---- DATA EXTRACTS

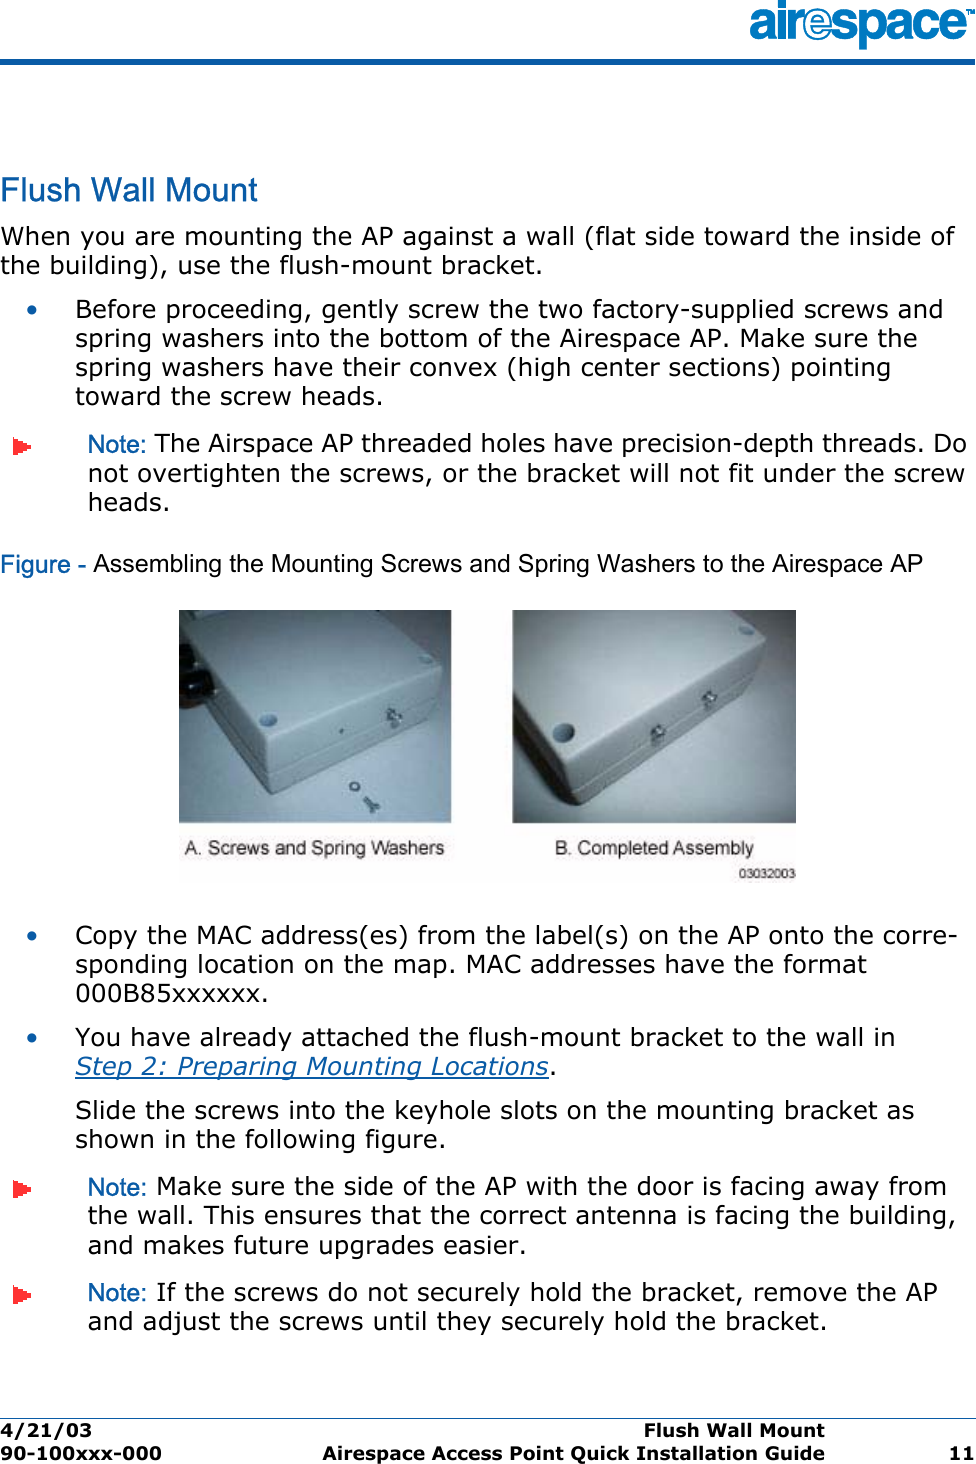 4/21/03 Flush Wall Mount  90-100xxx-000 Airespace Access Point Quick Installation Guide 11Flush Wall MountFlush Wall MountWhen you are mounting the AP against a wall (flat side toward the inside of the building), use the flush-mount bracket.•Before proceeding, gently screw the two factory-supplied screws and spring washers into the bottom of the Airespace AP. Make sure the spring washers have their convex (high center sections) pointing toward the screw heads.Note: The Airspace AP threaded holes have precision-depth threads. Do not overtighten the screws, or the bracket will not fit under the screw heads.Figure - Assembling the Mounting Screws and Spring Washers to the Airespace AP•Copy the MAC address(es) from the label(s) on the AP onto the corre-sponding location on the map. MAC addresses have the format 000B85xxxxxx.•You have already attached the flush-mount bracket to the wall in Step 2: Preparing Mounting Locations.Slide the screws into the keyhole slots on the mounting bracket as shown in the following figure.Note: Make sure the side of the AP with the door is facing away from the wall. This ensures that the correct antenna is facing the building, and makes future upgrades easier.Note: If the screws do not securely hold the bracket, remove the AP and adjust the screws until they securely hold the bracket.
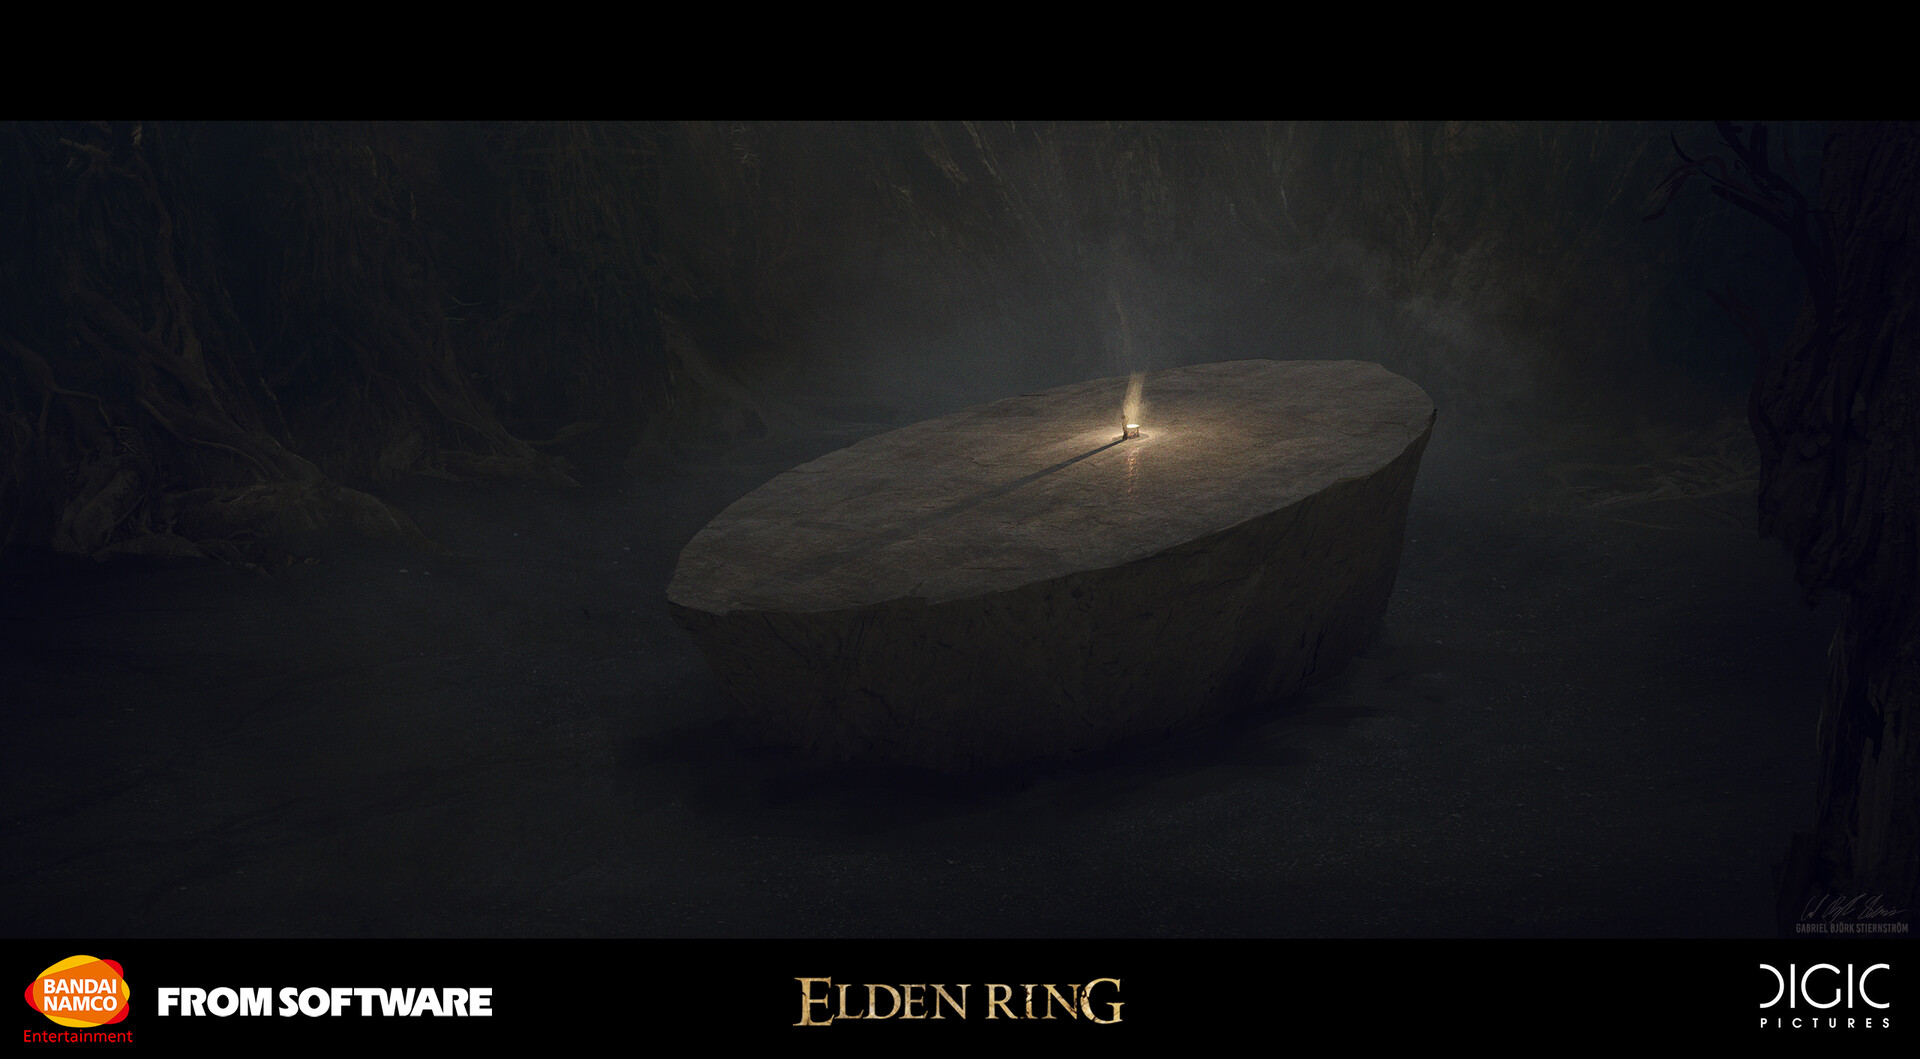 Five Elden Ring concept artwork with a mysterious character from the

--------
---- DATA EXTRACTS

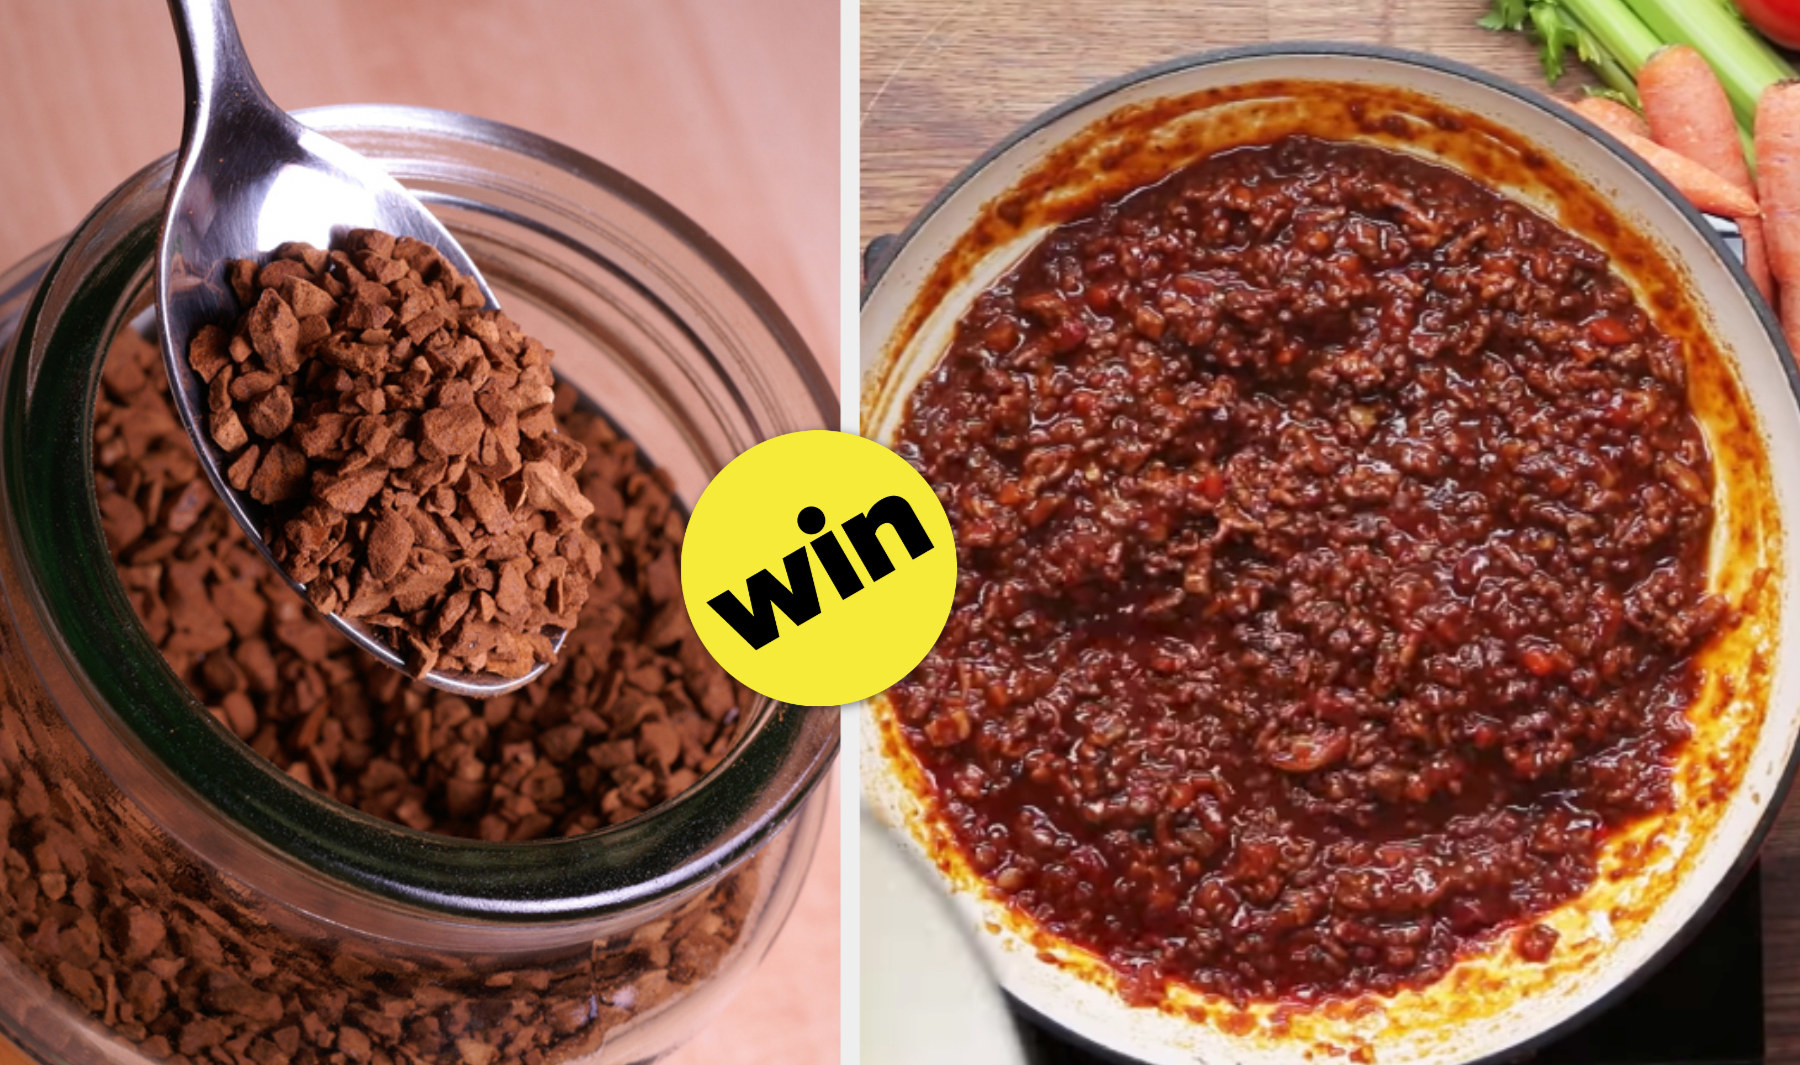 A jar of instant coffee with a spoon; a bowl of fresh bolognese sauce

--------
---- DATA EXTRACTS

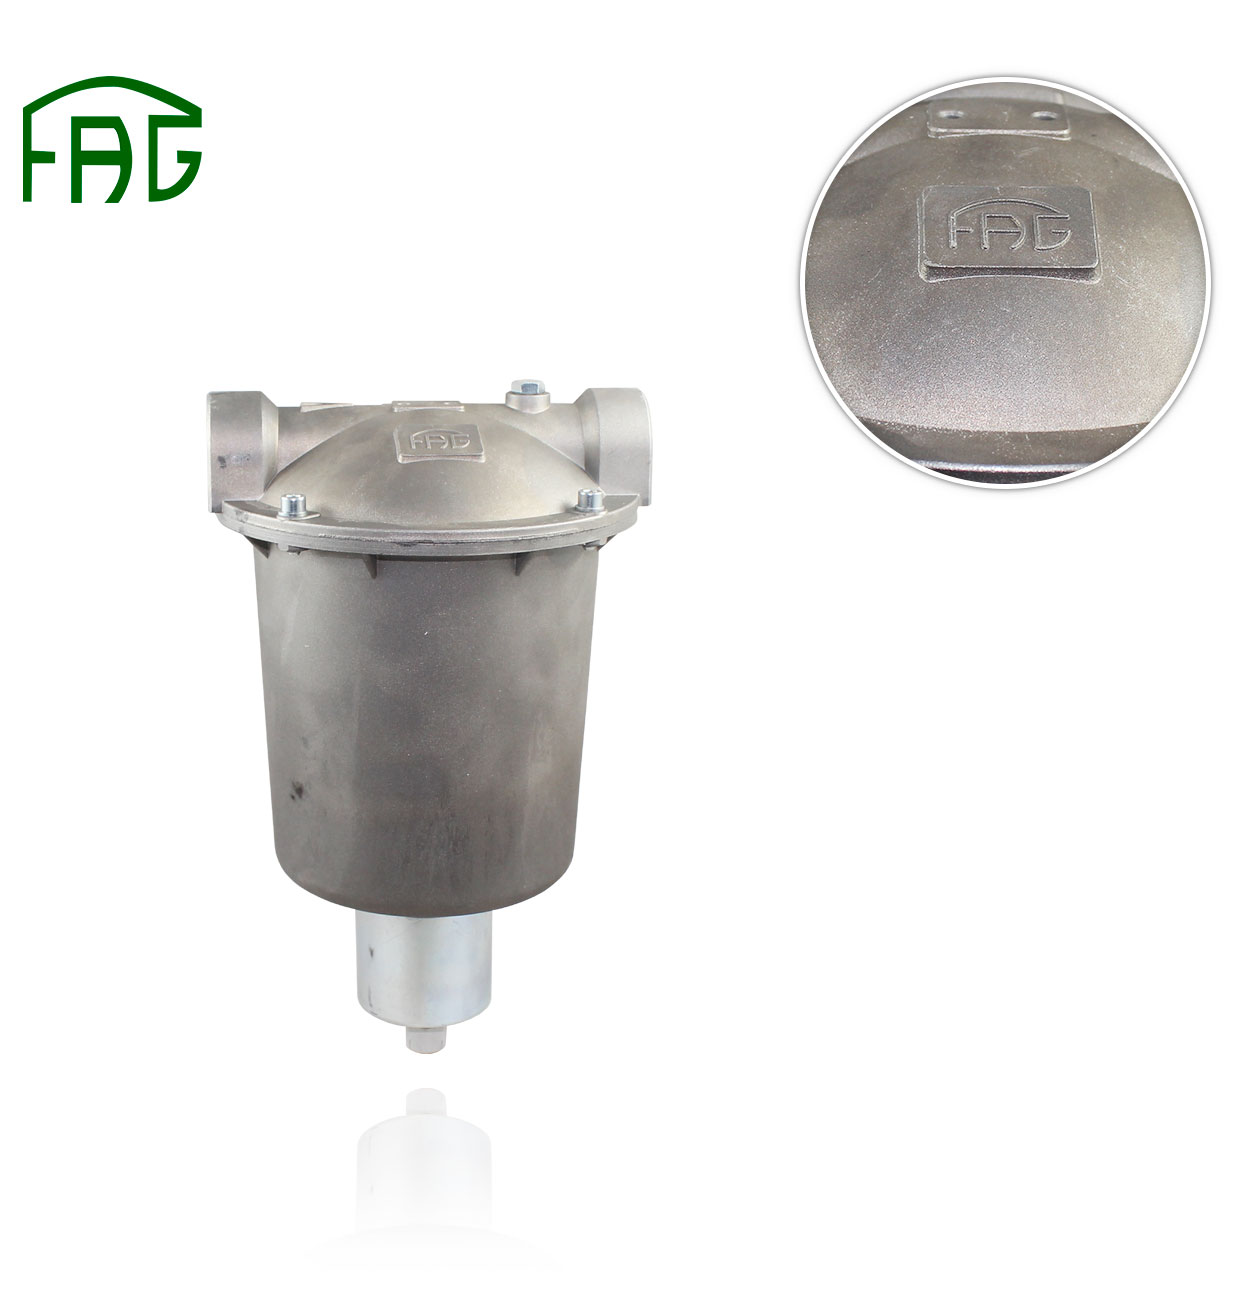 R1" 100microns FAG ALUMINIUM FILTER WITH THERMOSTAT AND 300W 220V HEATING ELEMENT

--------

WHAT IS BEING ASKED
Go down the entries above from the line containing "4/21/03 Flush Wall" to the line containing "Five Elden Ring" and write out each line exactly, leaving pictures out.

WRITTEN REPLY
 4/21/03 Flush Wall Mount  90-100xxx-000 Airespace Access Point Quick Installation Guide 11Flush Wall MountFlush Wall MountWhen you are mounting the AP against a wall (flat side toward the inside of the building), use the flush-mount bracket.•Before proceeding, gently screw the two factory-supplied screws and spring washers into the bottom of the Airespace AP. Make sure the spring washers have their convex (high center sections) pointing toward the screw heads.Note: The Airspace AP threaded holes have precision-depth threads. Do not overtighten the screws, or the bracket will not fit under the screw heads.Figure - Assembling the Mounting Screws and Spring Washers to the Airespace AP•Copy the MAC address(es) from the label(s) on the AP onto the corre-sponding location on the map. MAC addresses have the format 000B85xxxxxx.•You have already attached the flush-mount bracket to the wall in Step 2: Preparing Mounting Locations.Slide the screws into the keyhole slots on the mounting bracket as shown in the following figure.Note: Make sure the side of the AP with the door is facing away from the wall. This ensures that the correct antenna is facing the building, and makes future upgrades easier.Note: If the screws do not securely hold the bracket, remove the AP and adjust the screws until they securely hold the bracket.
 Five Elden Ring concept artwork with a mysterious character from the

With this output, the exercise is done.